- Associated Press - Tuesday, September 28, 2010

COPENHAGEN (AP) — Three terror suspects who were arrested in an alleged al-Qaeda plot in Norway likely were planning an attack against a Danish newspaper that caricatured the Prophet Muhammad, Norwegian and Danish police said Tuesday.

The intelligence branch of Denmark’s police, PET, said the suspects were believed to be planning an attack either against the Jyllands-Posten newspaper directly or against people in Denmark linked to the 12 drawings that sparked outrage in Muslim countries in 2006.

The men were arrested July 8 in what U.S. and Norwegian officials believe was a plot linked to the same Pakistan-based al Qaeda planners behind thwarted schemes to blow up New York’s subway and a British shopping mall.

Siv Alsen, spokeswoman at the Norwegian Police Security Service, told the Associated Press that one of the suspects, 37-year-old Iraqi Kurd Shawan Sadek Saeed Bujak Bujak, had disclosed the plot to investigators.

“We can confirm that he has confessed and explained about his role in planning terror. He was planning this together with the two others arrested,” Ms. Alsen said. “The information we got indicates that (the Jyllands-Posten) was the target.”
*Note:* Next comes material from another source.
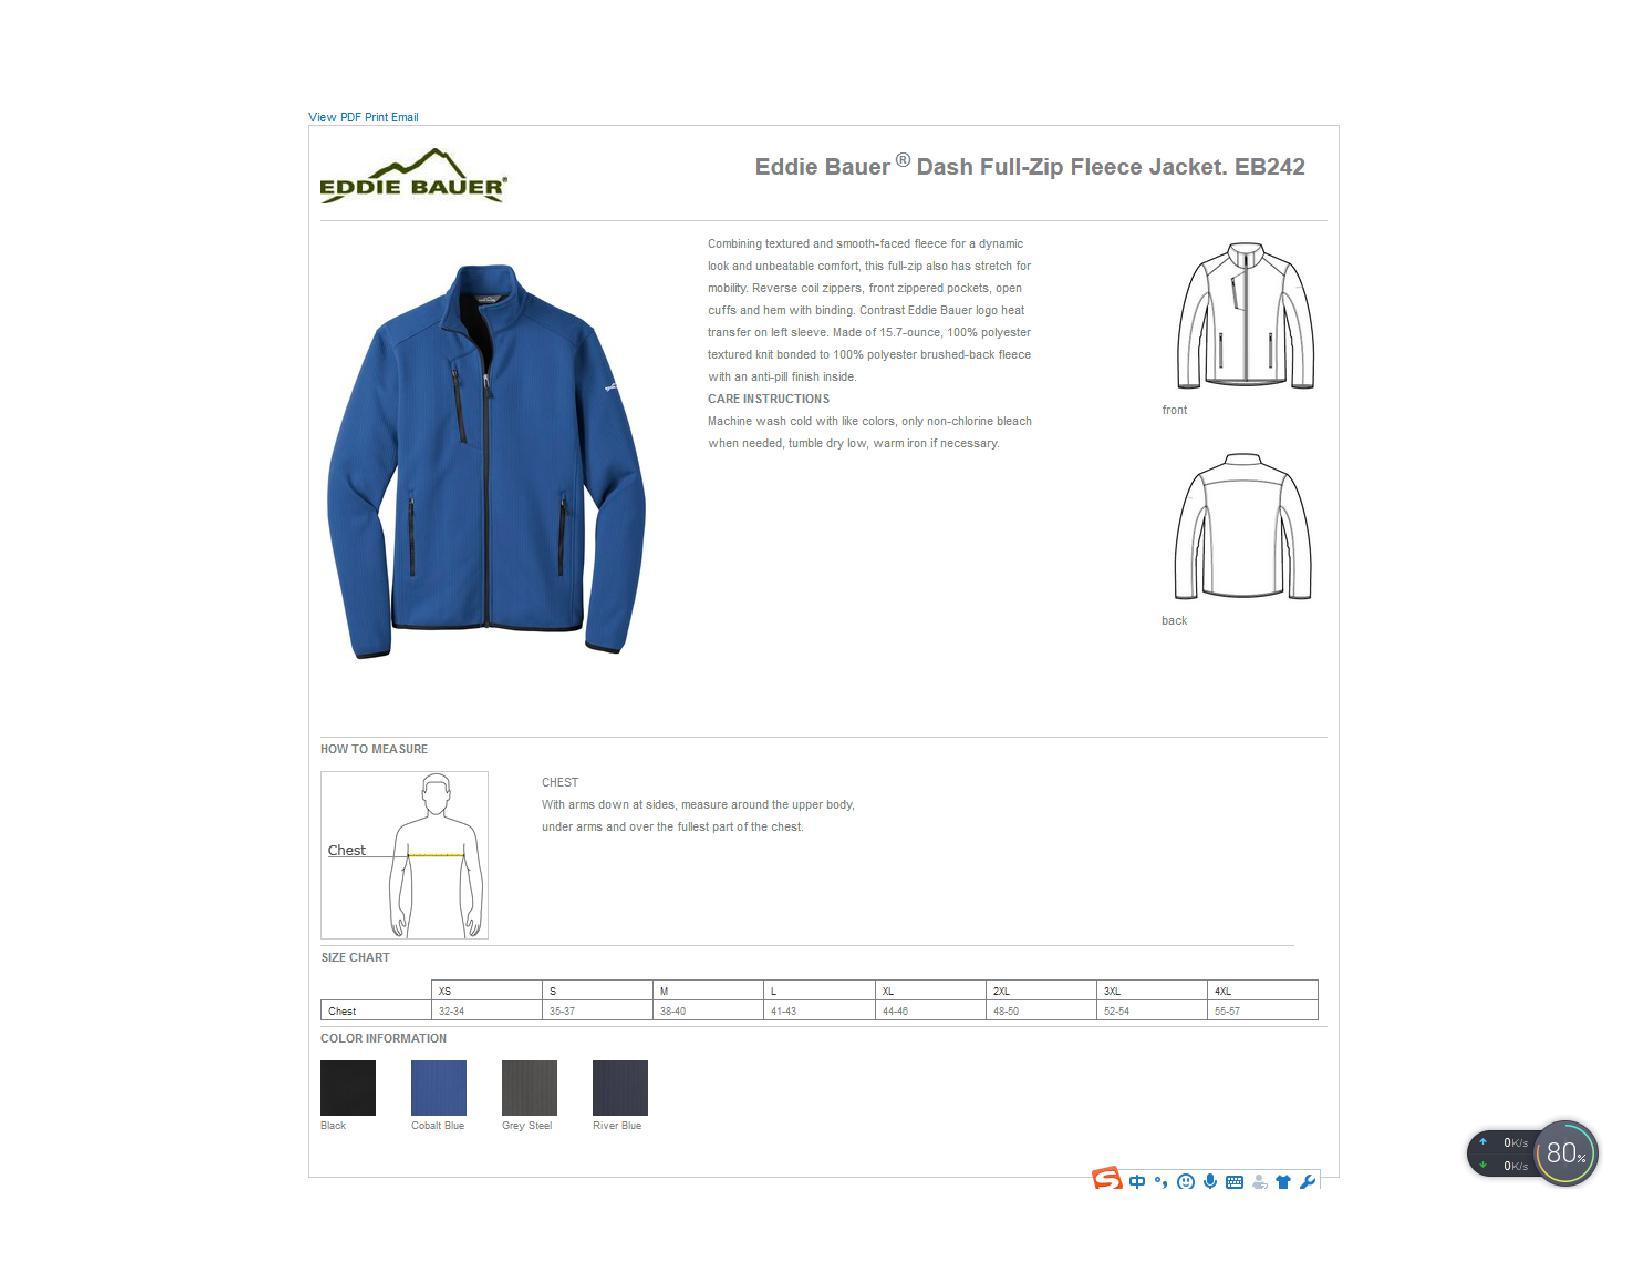 c7bb6d6395a Eddie Bauer EB242 - Men s Dash Full-Zip Fleece Jacket  53.98 - Men s ...

The other suspects in the case are 31-year-old Uzbek national David Jakobsen and the alleged ringleader, 39-year-old Mikael Davud, an Uighur who came to Norway in 1999 and has Norwegian citizenship.

Their lawyers have said they intend to plead not guilty to any terror charges.

Brynjar Meling, Mr. Bujak’s defense lawyer, confirmed to the Associated Press that his client had admitted to being involved in the plot.

“He says that it’s important as a Muslim to tell the truth,” Mr. Meling said. “It is important that the matter doesn’t become bigger than it already is and damage Muslims more than it already has done.”

Mr. Meling said Mr. Bujak told investigators the suspects had dropped their plans even before they were arrested and that Mr. Bujak wasn’t linked to al Qaeda in any way. Mr. Meling declined to comment on whether Jyllands-Posten was the target.

An AP investigation showed that authorities learned early on about the alleged cell by intercepting e-mails from an al Qaeda operative in Pakistan.

It was the second time this month that Scandinavian police said the Danish newspaper was the target of planned attacks.

On Sept. 10, a Chechen boxer was injured in a small explosion at a Copenhagen hotel while preparing a letter bomb, likely intended for the Jyllands-Posten, Danish police said.

PET chief Jakob Scharf said Tuesday that the two cases, which were not believed to be related, “illustrate that there is a priority among militant Islamists to carry out acts of terror against Denmark and symbols connected” to the cartoons.

Islamic law generally opposes any depiction of the Prophet, even favorable, for fear it could lead to idolatry.